STEP 1/12
I wrapped a bag of muwi.
For those who don't know what it is, I think it'll be good
I'm sure you'll buy it. But you have to buy it knowing it's bitter.
STEP 2/12
You have to peel off the muwi like you're peeling a sweet potato cord.
My hands and nails get black after I take them off.
But it's still good
STEP 3/12
After peeling it off, this much skin came out.
STEP 4/12
Boil water in a coffee pot and pour it in
Add 1/2 spoonful of salt and stir.
If you stir it a few times, you're done blanching vegetables.
STEP 5/12
Now wash it in cold water.
And soak it in water to drain the bitter water.
People who like bitter things also make Baro.
Or there are people who soak it for 30 minutes and then eat it
STEP 6/12
It's still bitter for me. And I don't eat it because it's bitter for the kids.
I soaked it for half a day and kept changing the water.
Can you see it. If there's black water like this
I changed the water and repeated it a few times.
STEP 7/12
Now look. You can see the water is clear.
STEP 8/12
Squeeze the water, please. To drain even a little bit of bitter water)
STEP 9/12
The seasoning is very simple.
Fish sauce, perilla seed powder, sesame oil, sesame seeds
Minced garlic, green onions, cooking oil
You just need to have it's.
STEP 10/12
Add 1 spoon of minced garlic and plenty of green onions
Add 2 spoons of fish sauce
STEP 11/12
Add 100ml of water and mix it well
Add to pan covered with cooking oil and stir-fry.

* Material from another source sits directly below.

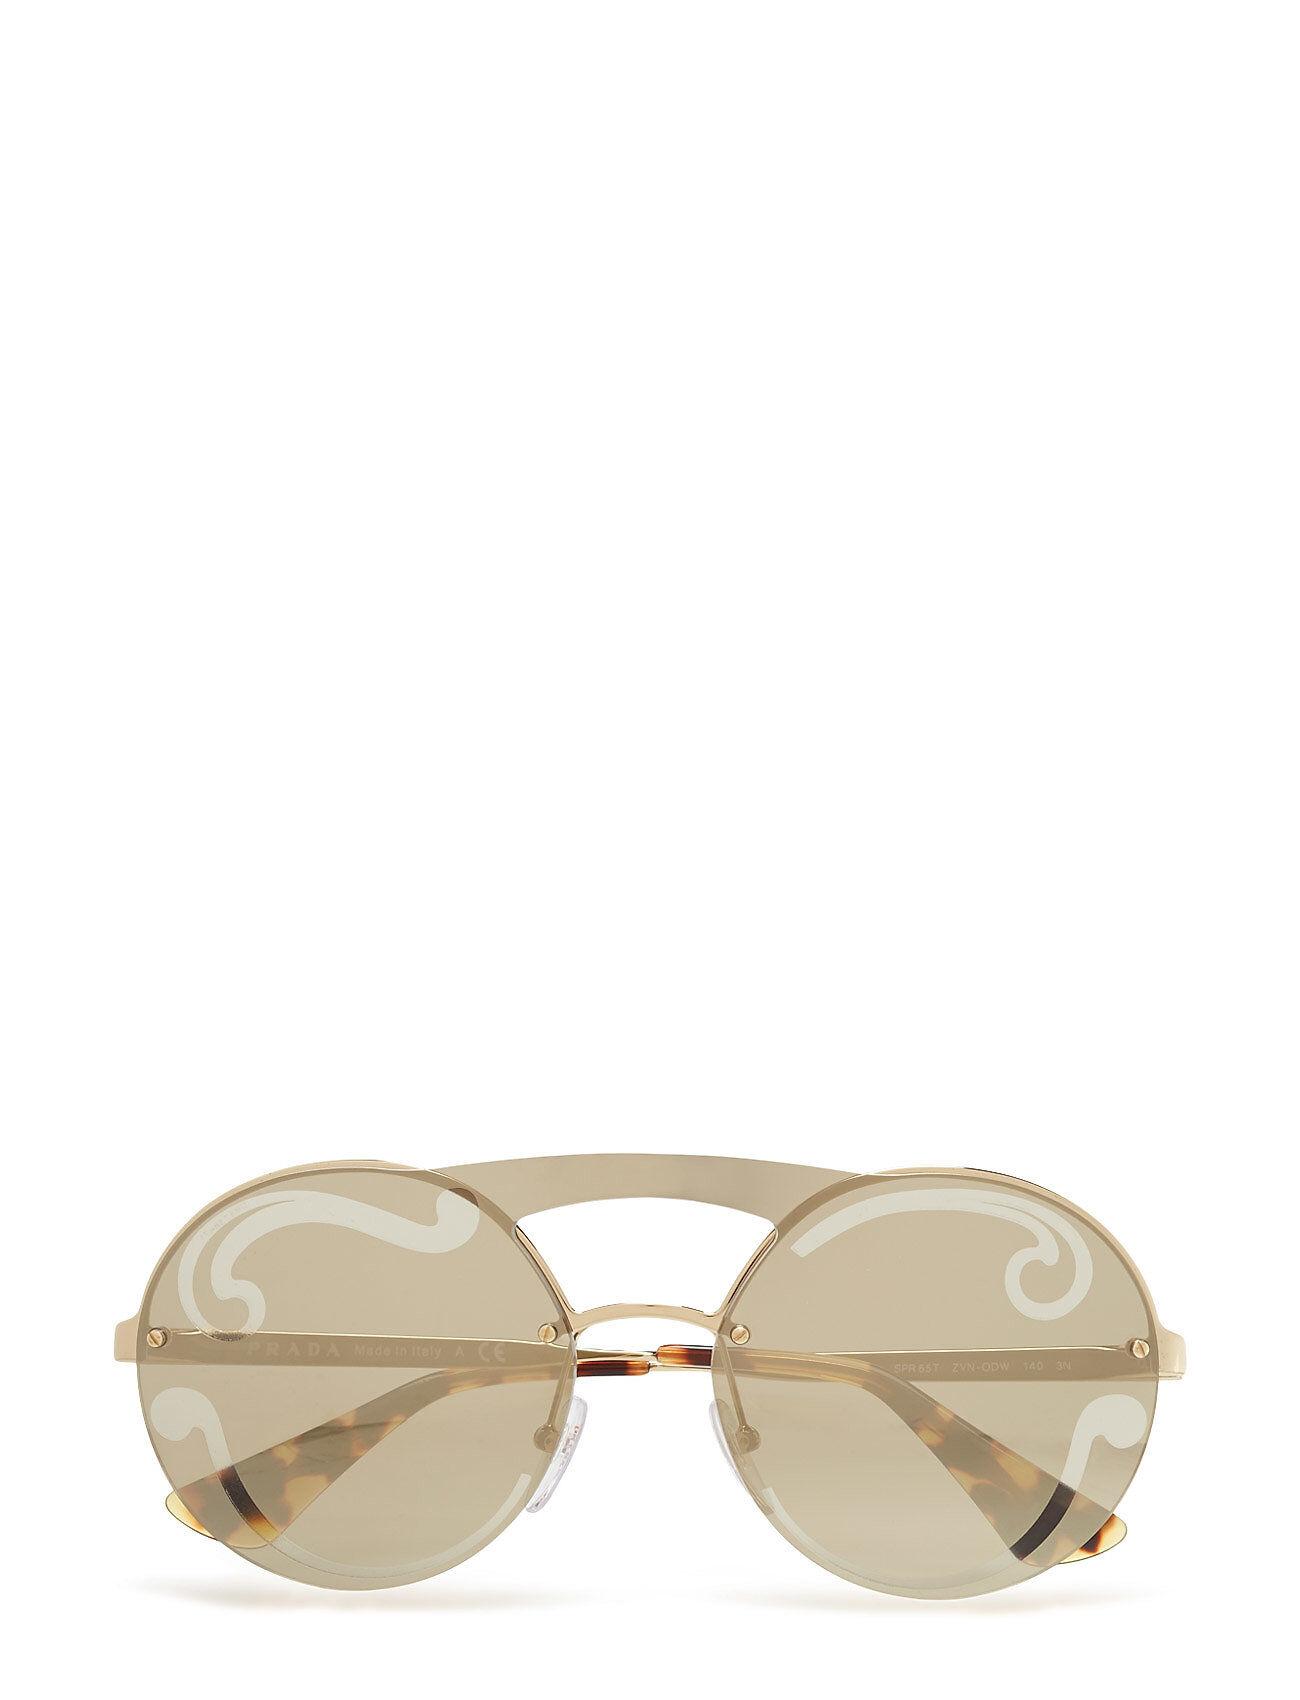 Image of Prada Sunglasses Not Defined Aurinkolasit Kulta Prada Sunglasses
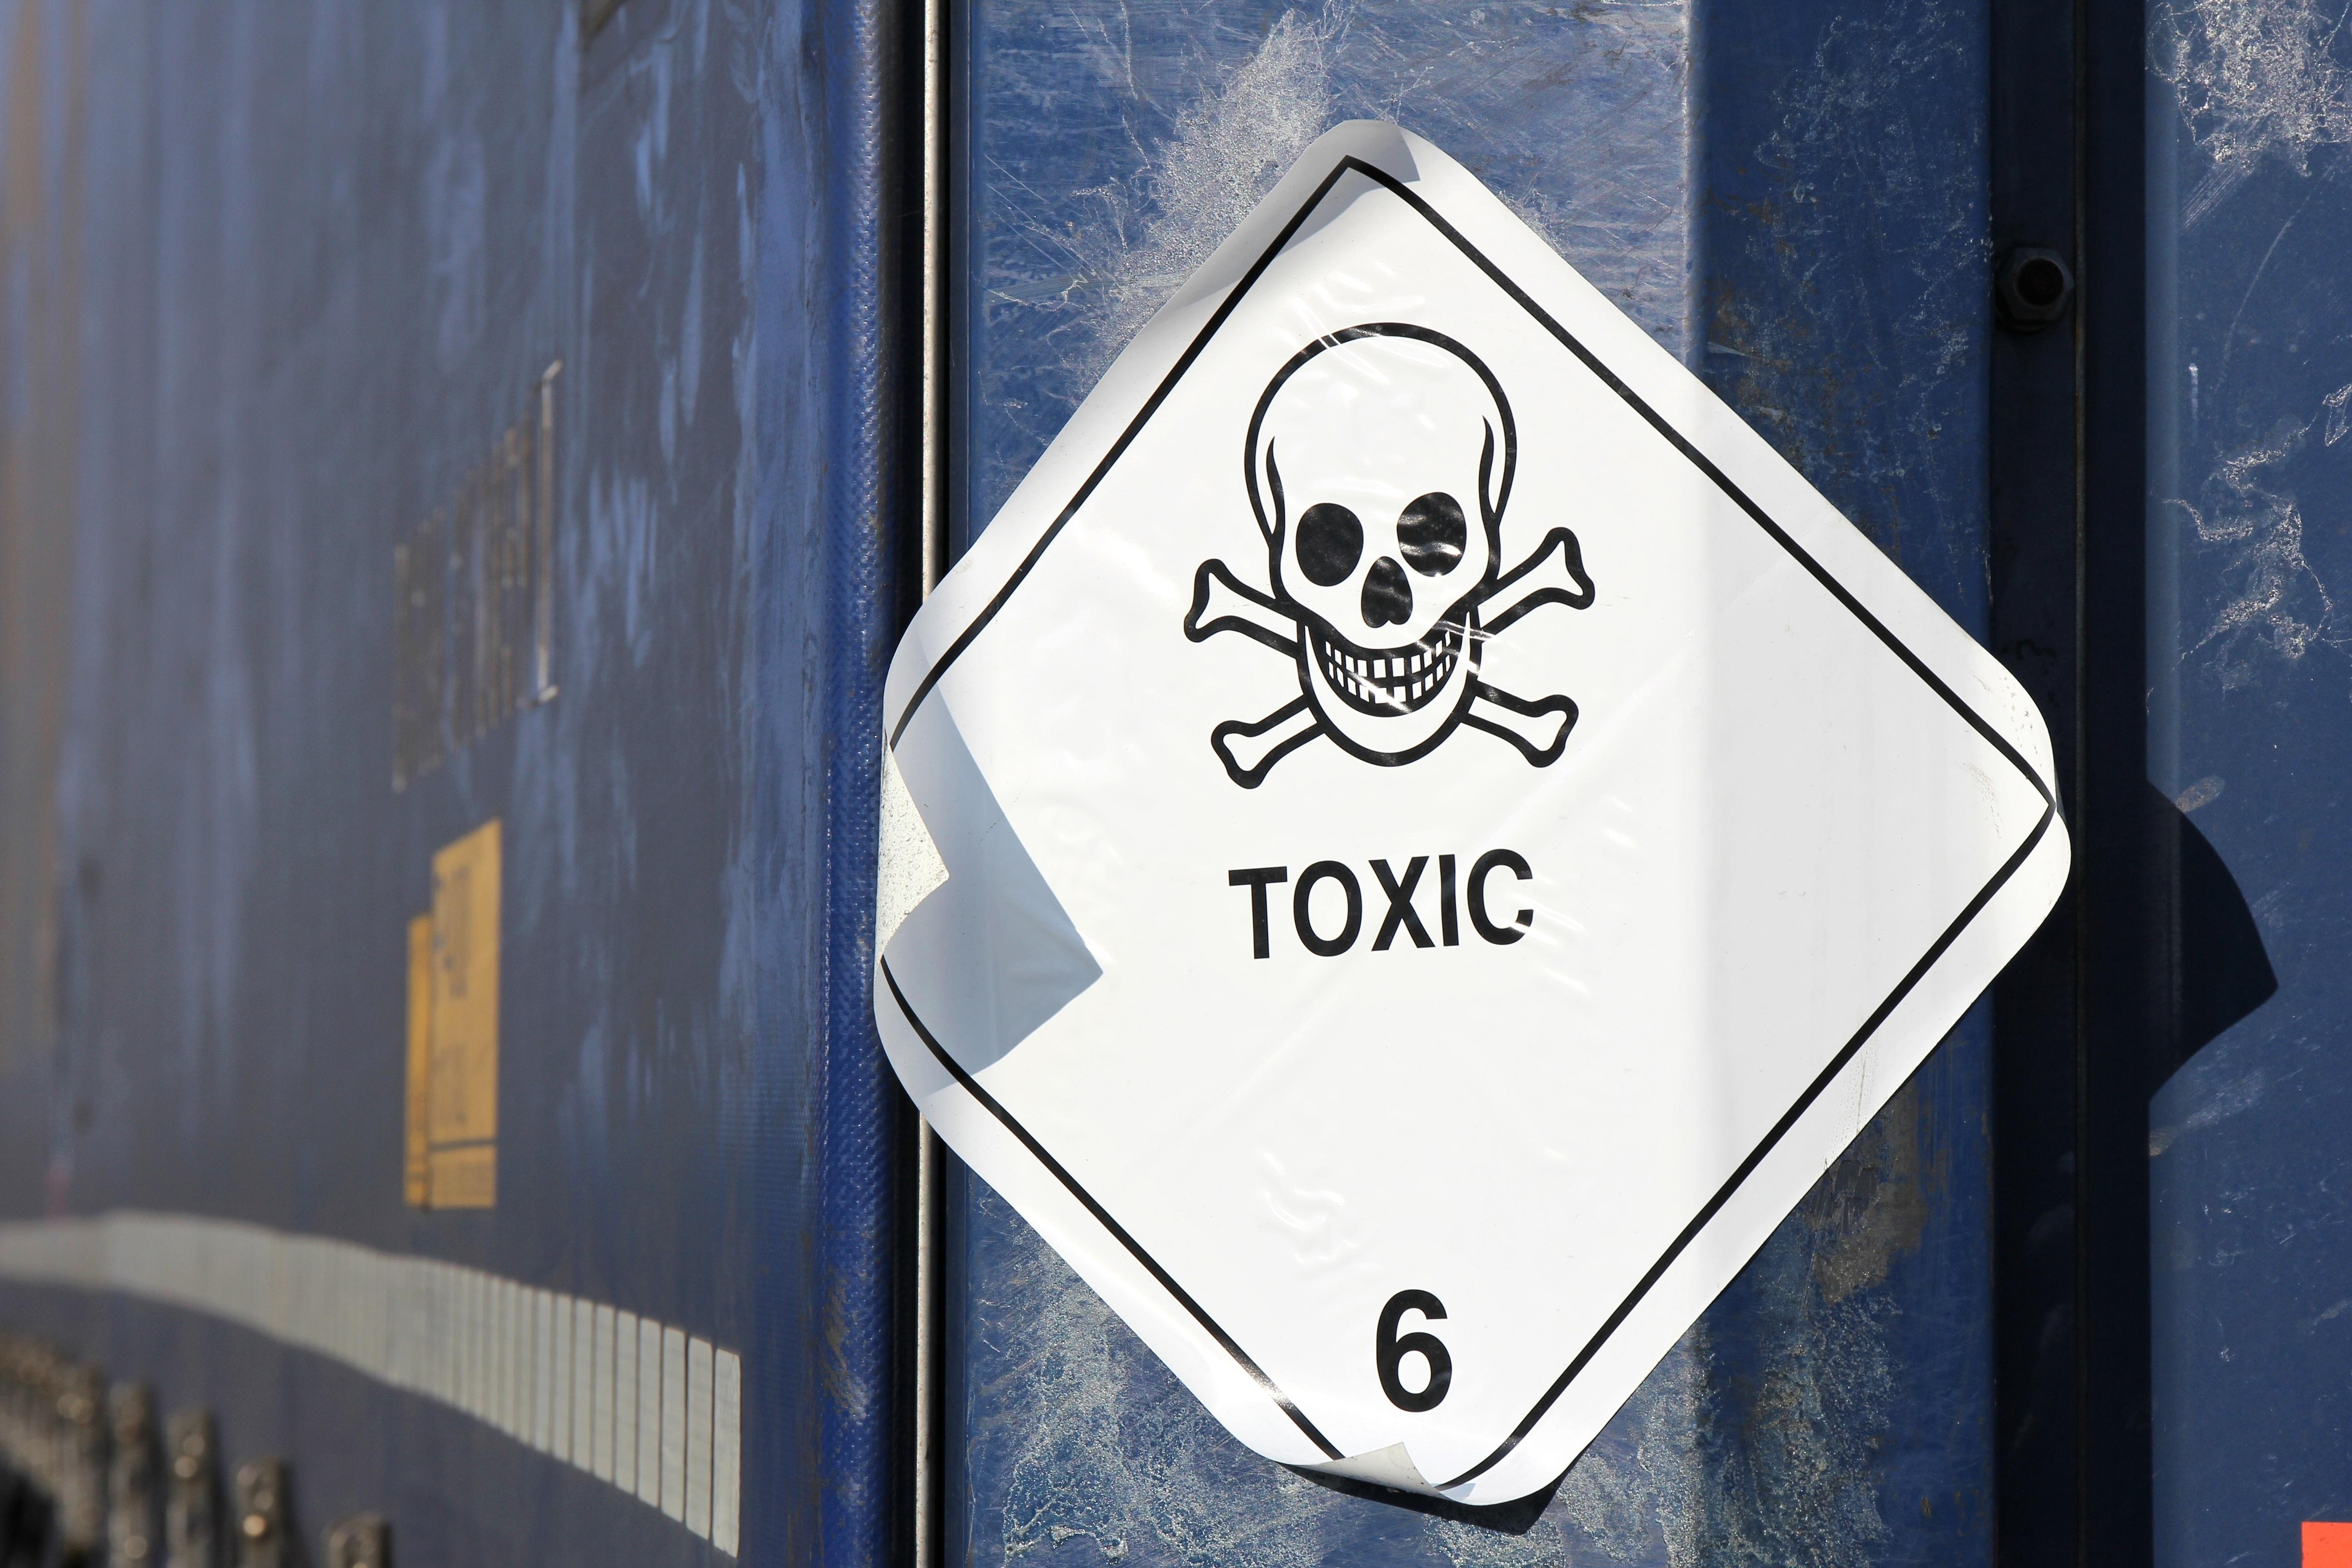 GHS pictogram for chemical hazard toxic substances

Stir-fry it for 2 to 3 minutes, then lower the heat and close the lid for 5 minutes.
STEP 12/12
If you open the lid and stir-fry it all, prepare it
Add perilla powder and finish with sesame and sesame oil
The spicy stir-fried wild vegetables with perilla seeds are done.
"Oh, this is how you stir-fry it." It's kind of bitter
It's savory and delicious. That's what he did.